**WHAT TO WORK ON:**
Write each line out exactly, from the one containing "703 - Masaüstü" through the final line of the data, and keep pictures out of the copy.

**GIVEN MATERIAL:**
***
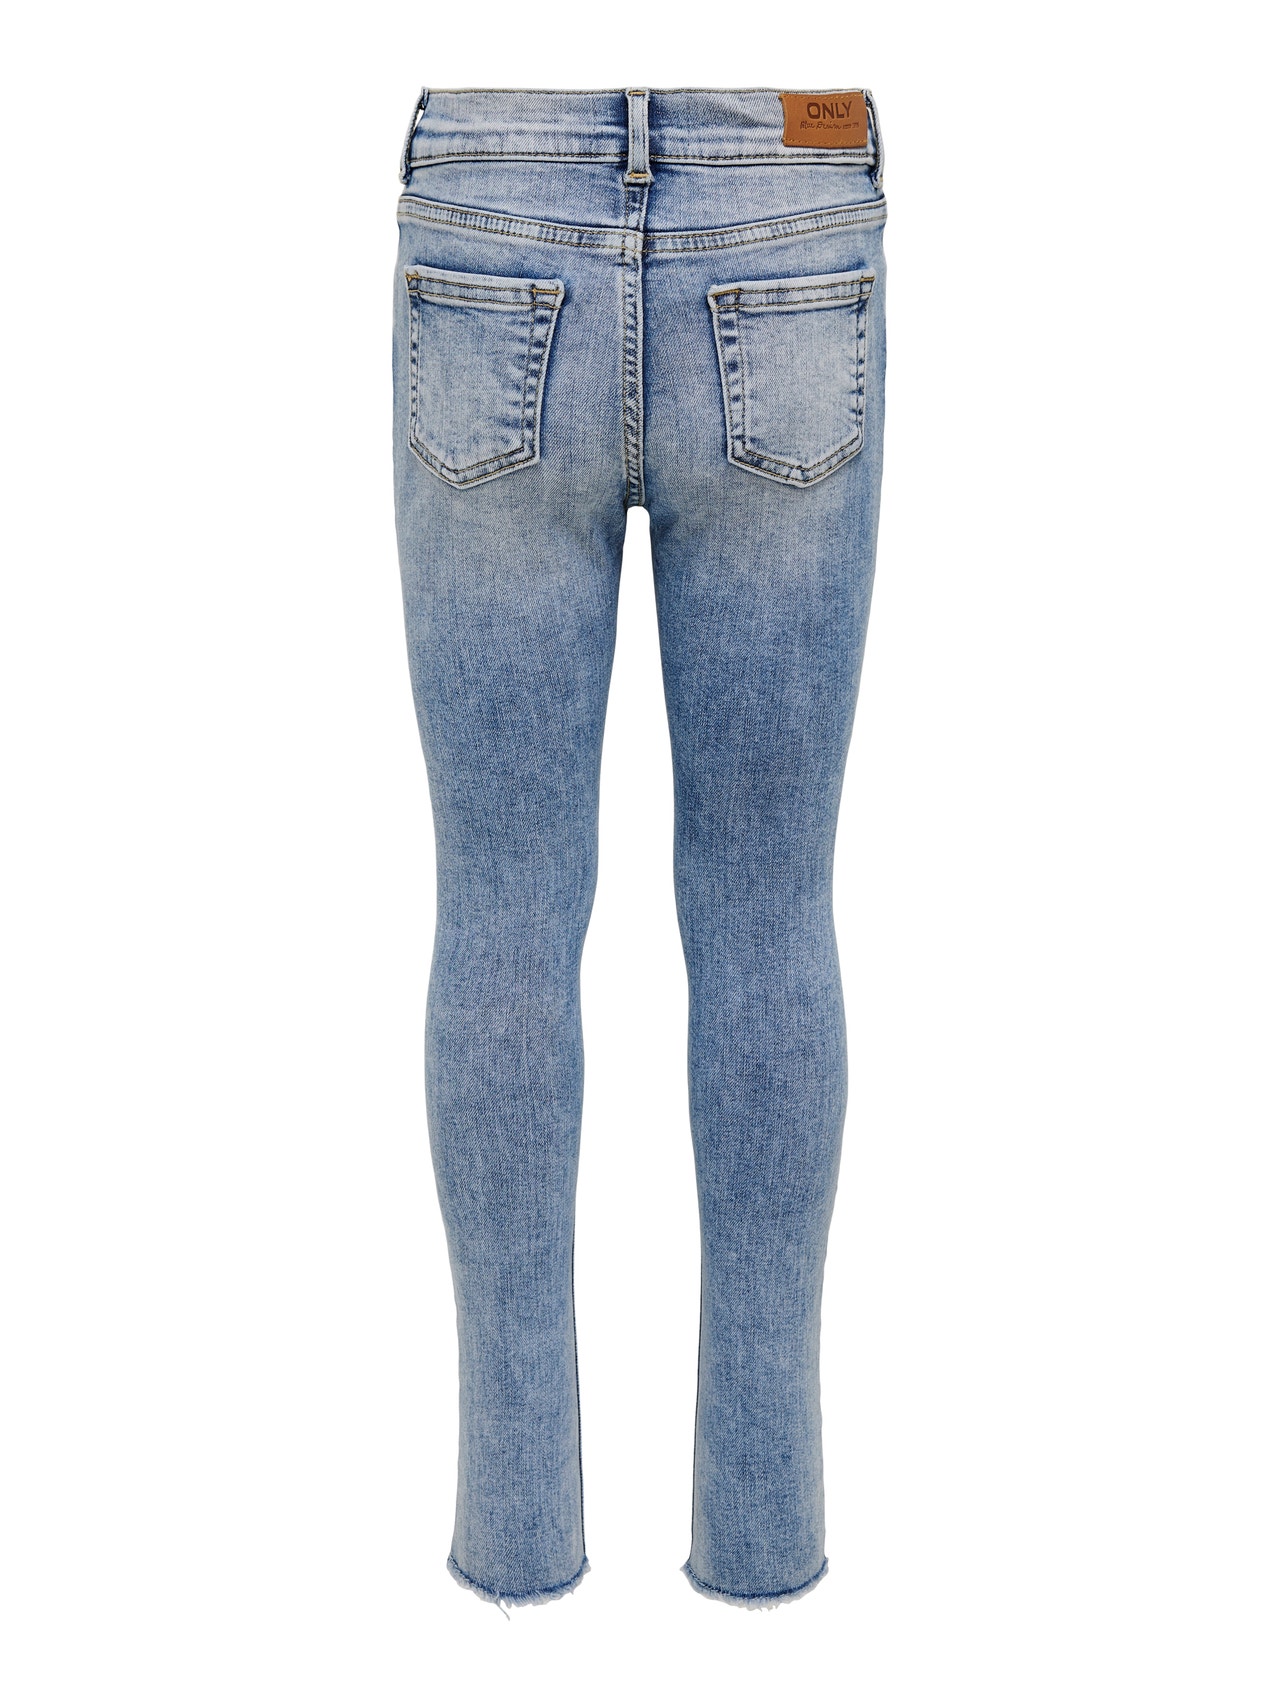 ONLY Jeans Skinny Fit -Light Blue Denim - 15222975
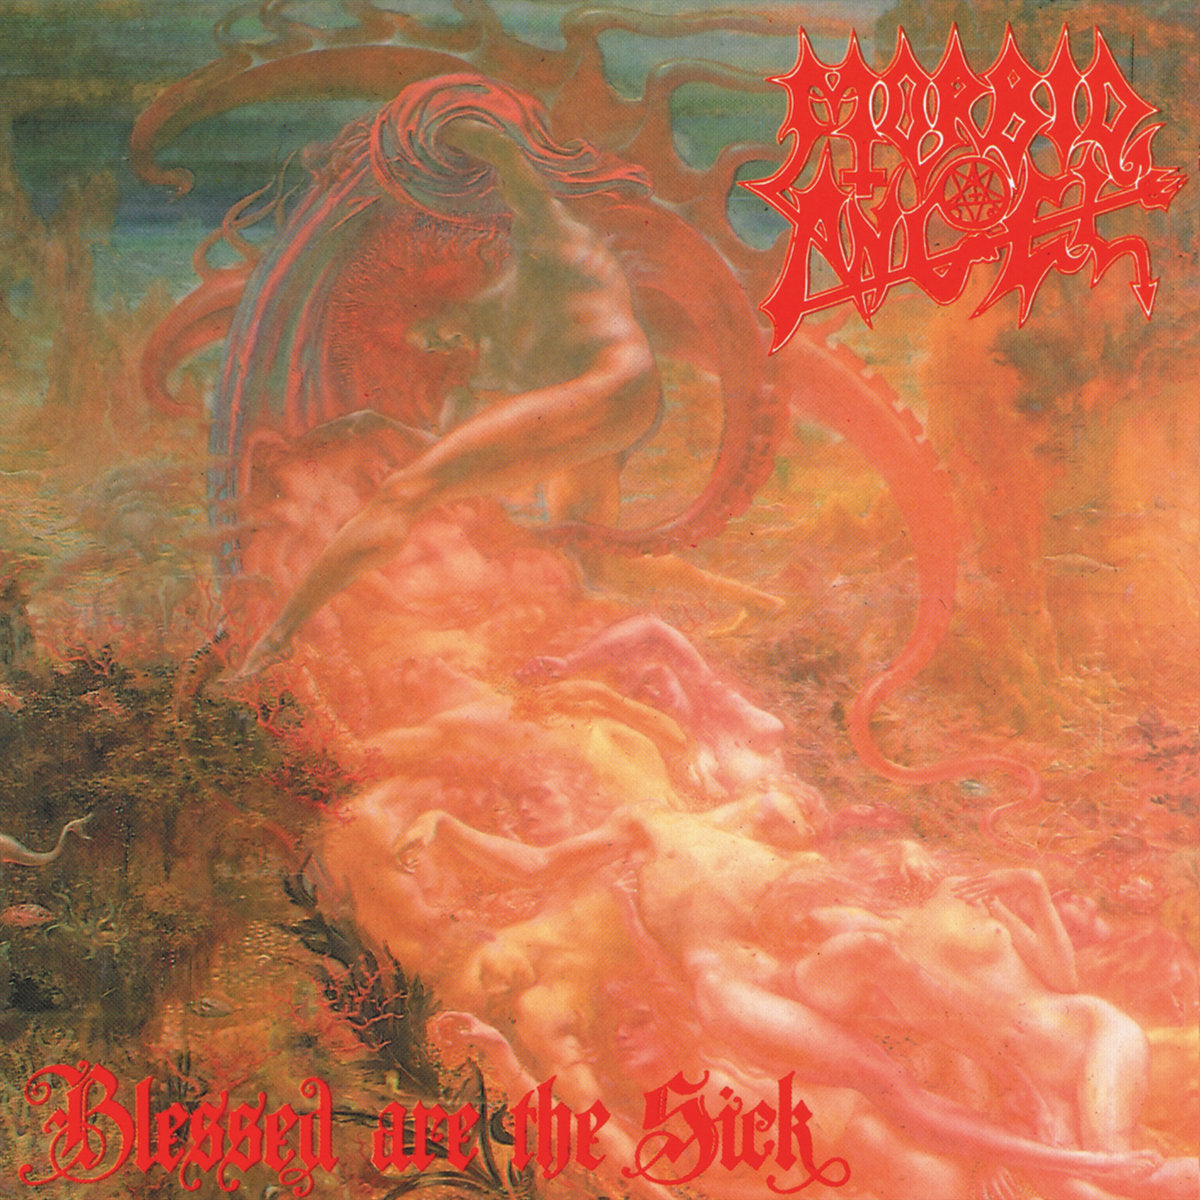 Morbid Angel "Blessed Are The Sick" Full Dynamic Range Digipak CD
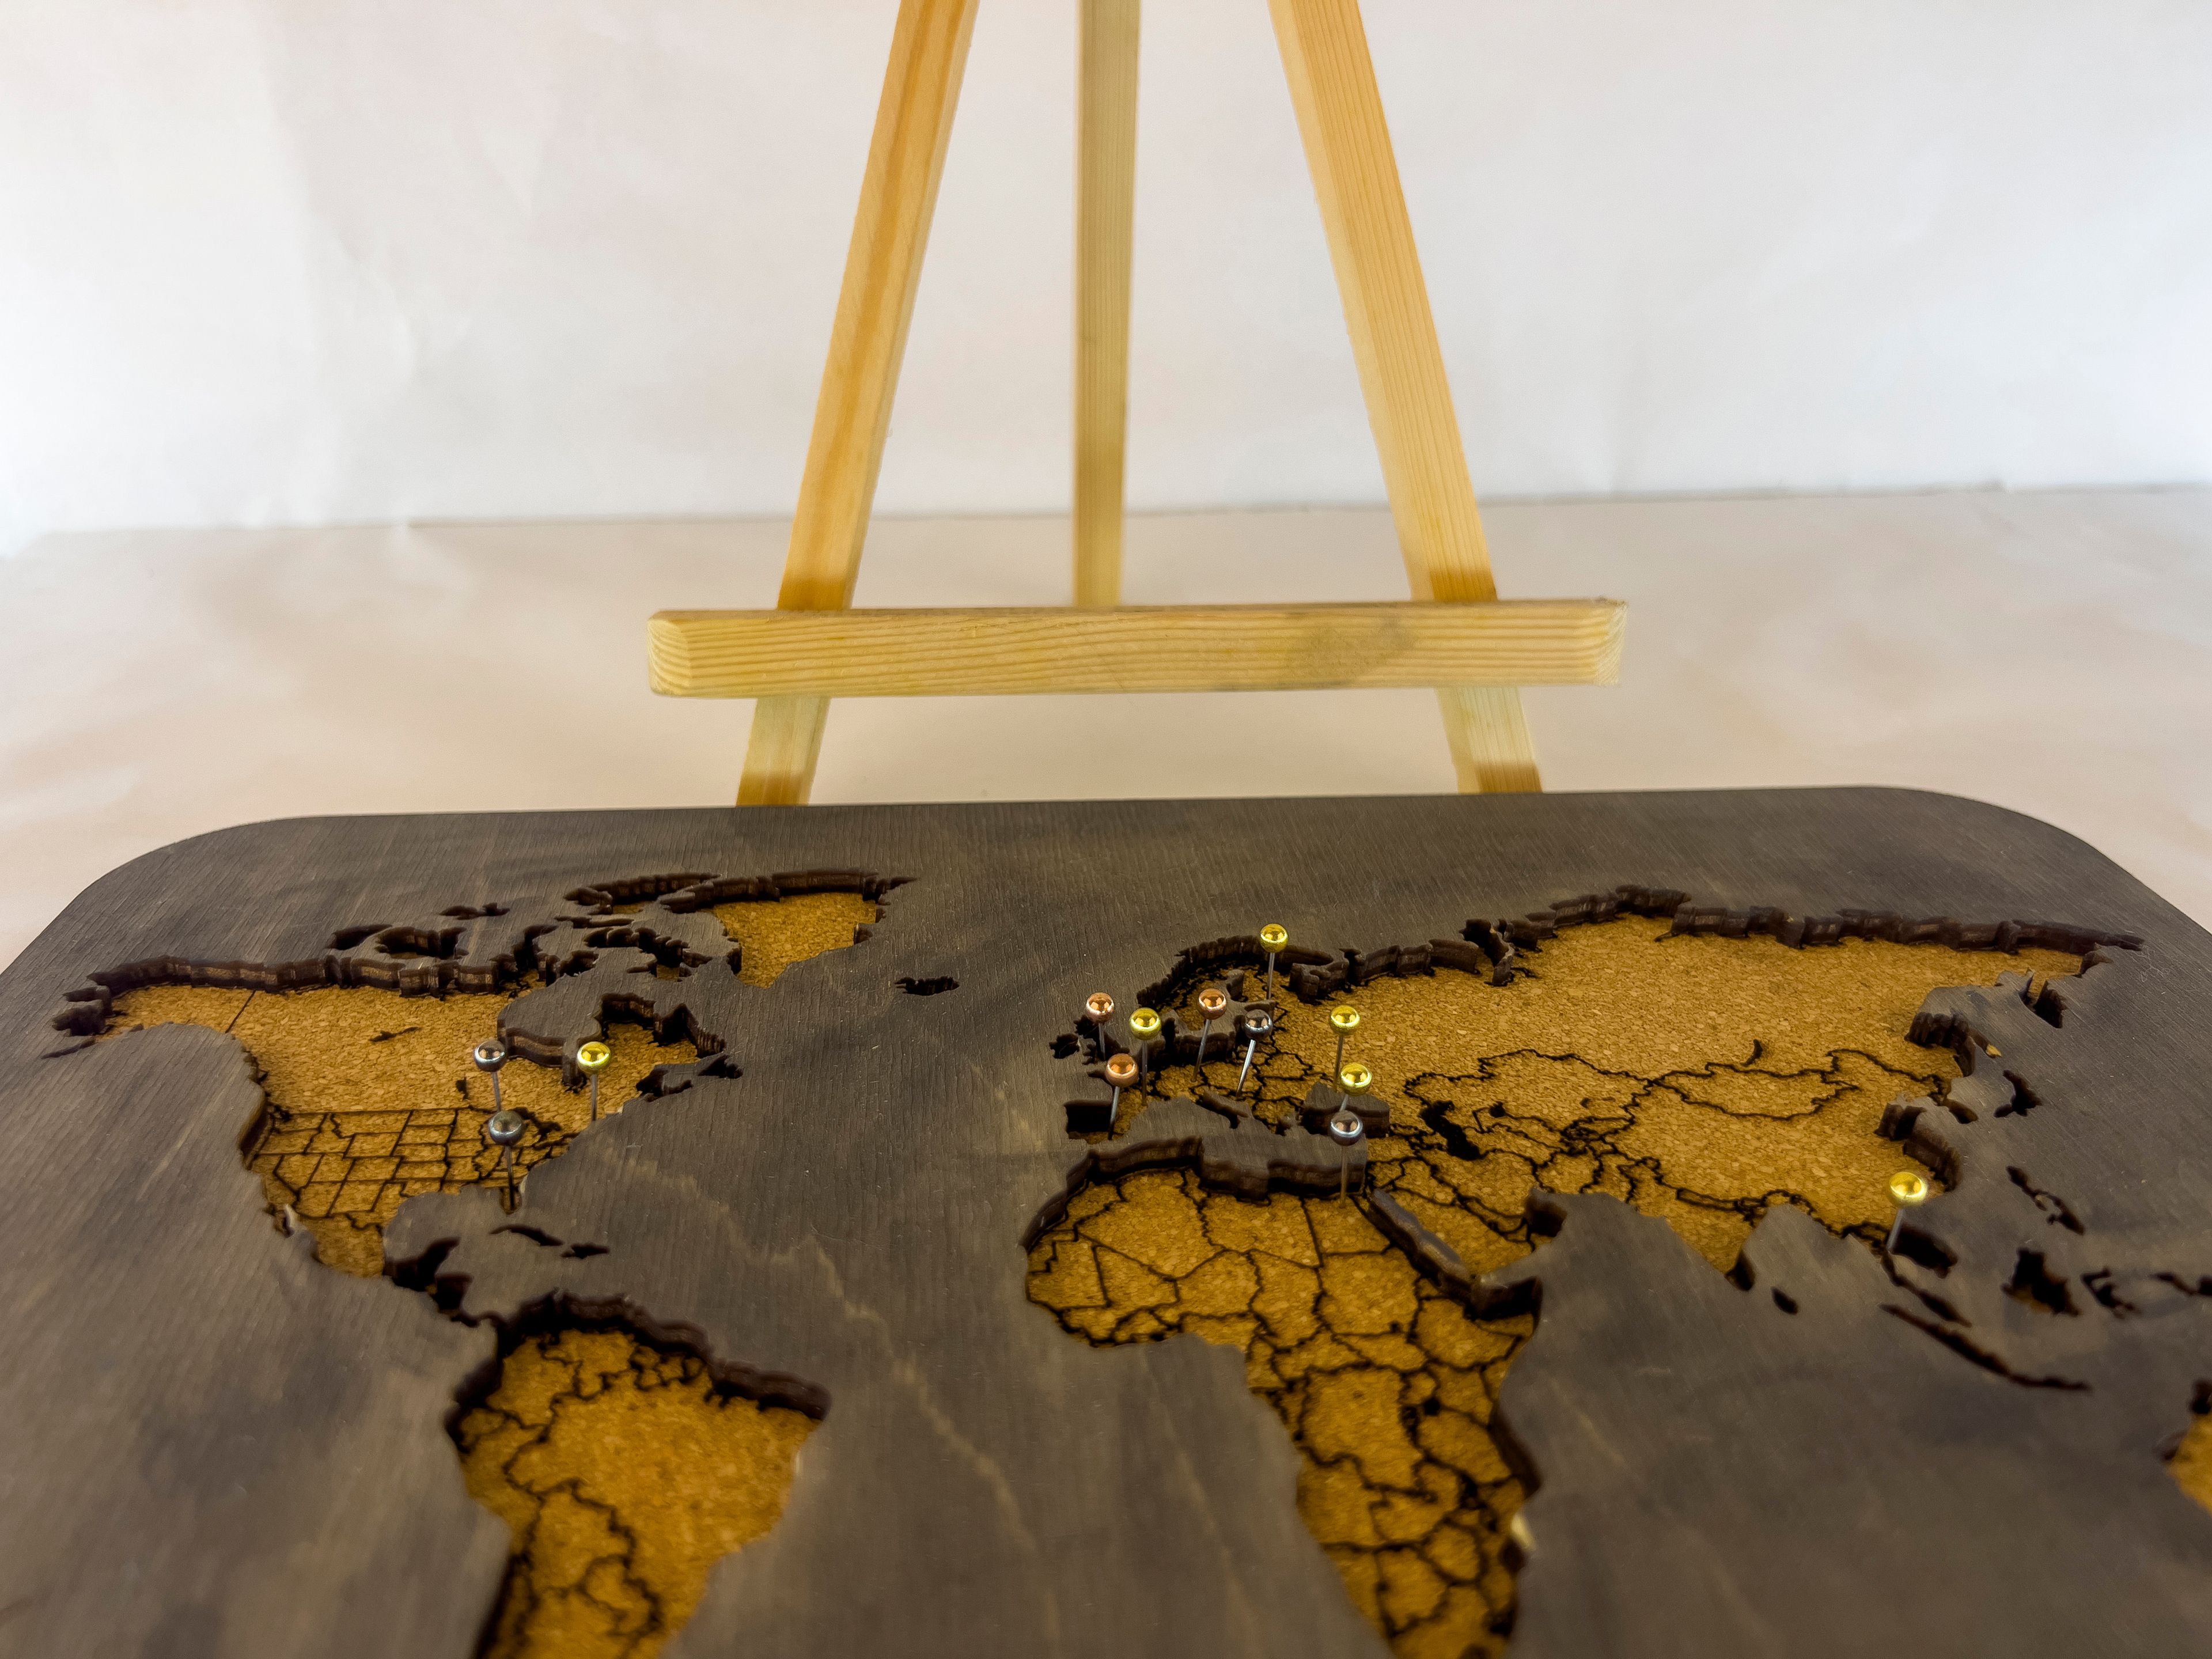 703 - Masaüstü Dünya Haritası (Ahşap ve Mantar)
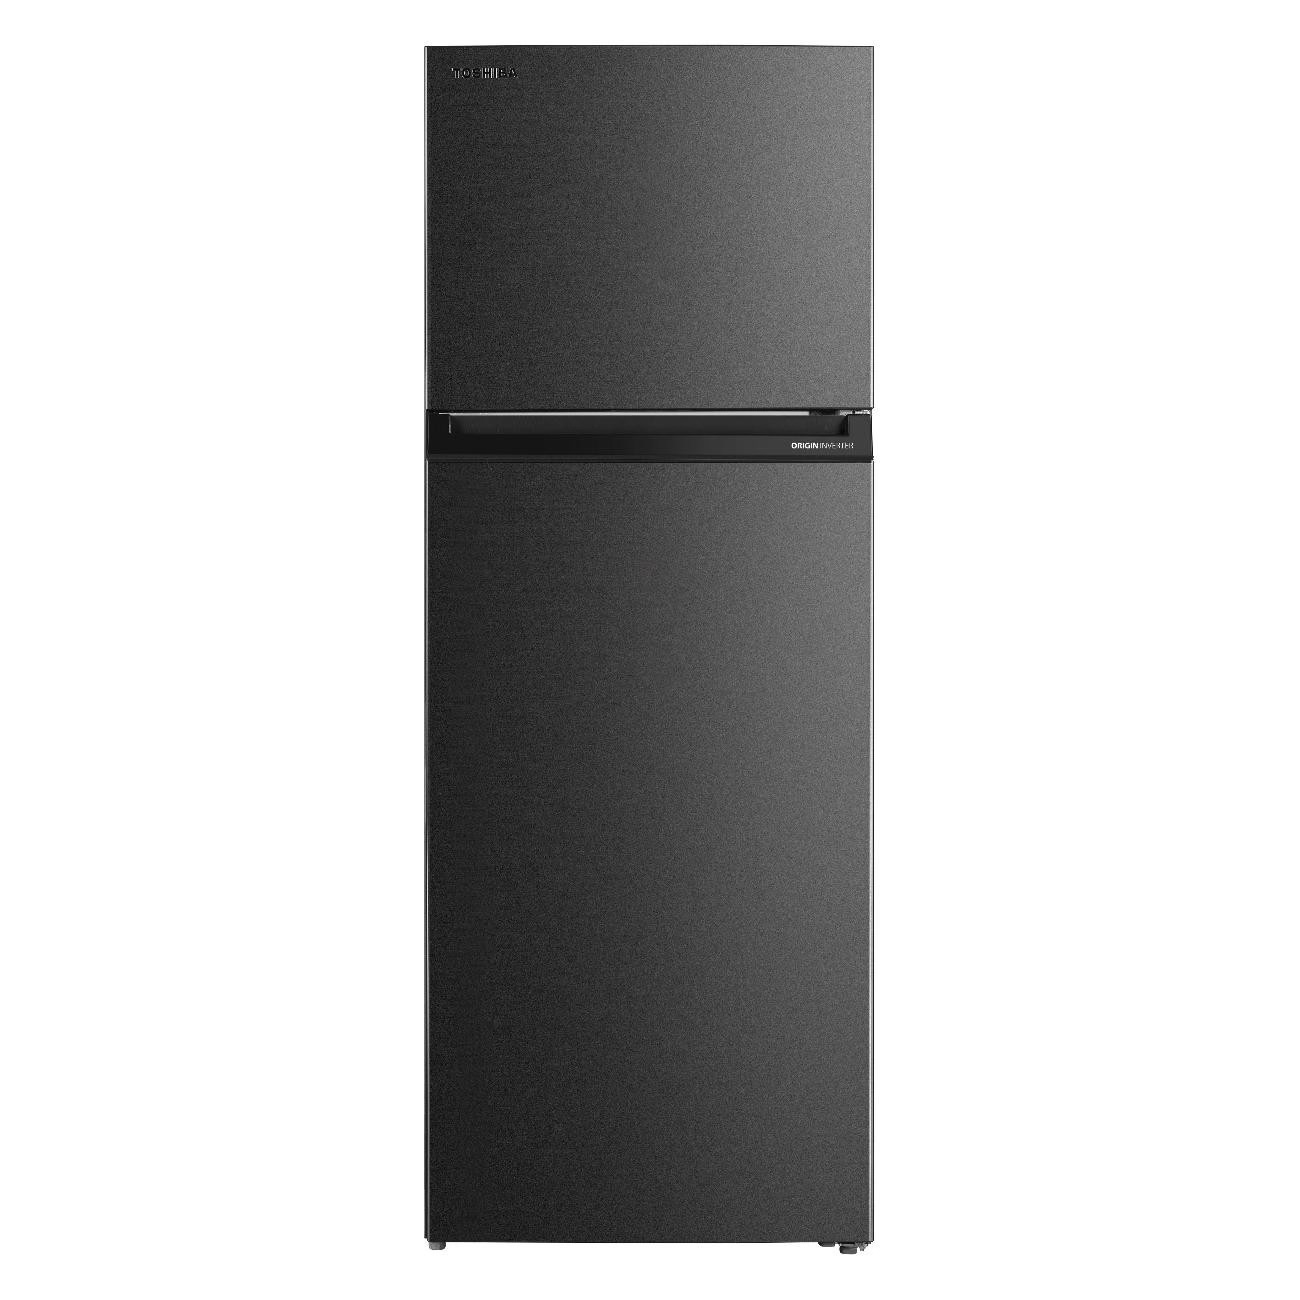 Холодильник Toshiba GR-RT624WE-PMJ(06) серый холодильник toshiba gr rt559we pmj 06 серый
***
**OUTPUT BELOW:**
 703 - Masaüstü Dünya Haritası (Ahşap ve Mantar)
 Холодильник Toshiba GR-RT624WE-PMJ(06) серый холодильник toshiba gr rt559we pmj 06 серый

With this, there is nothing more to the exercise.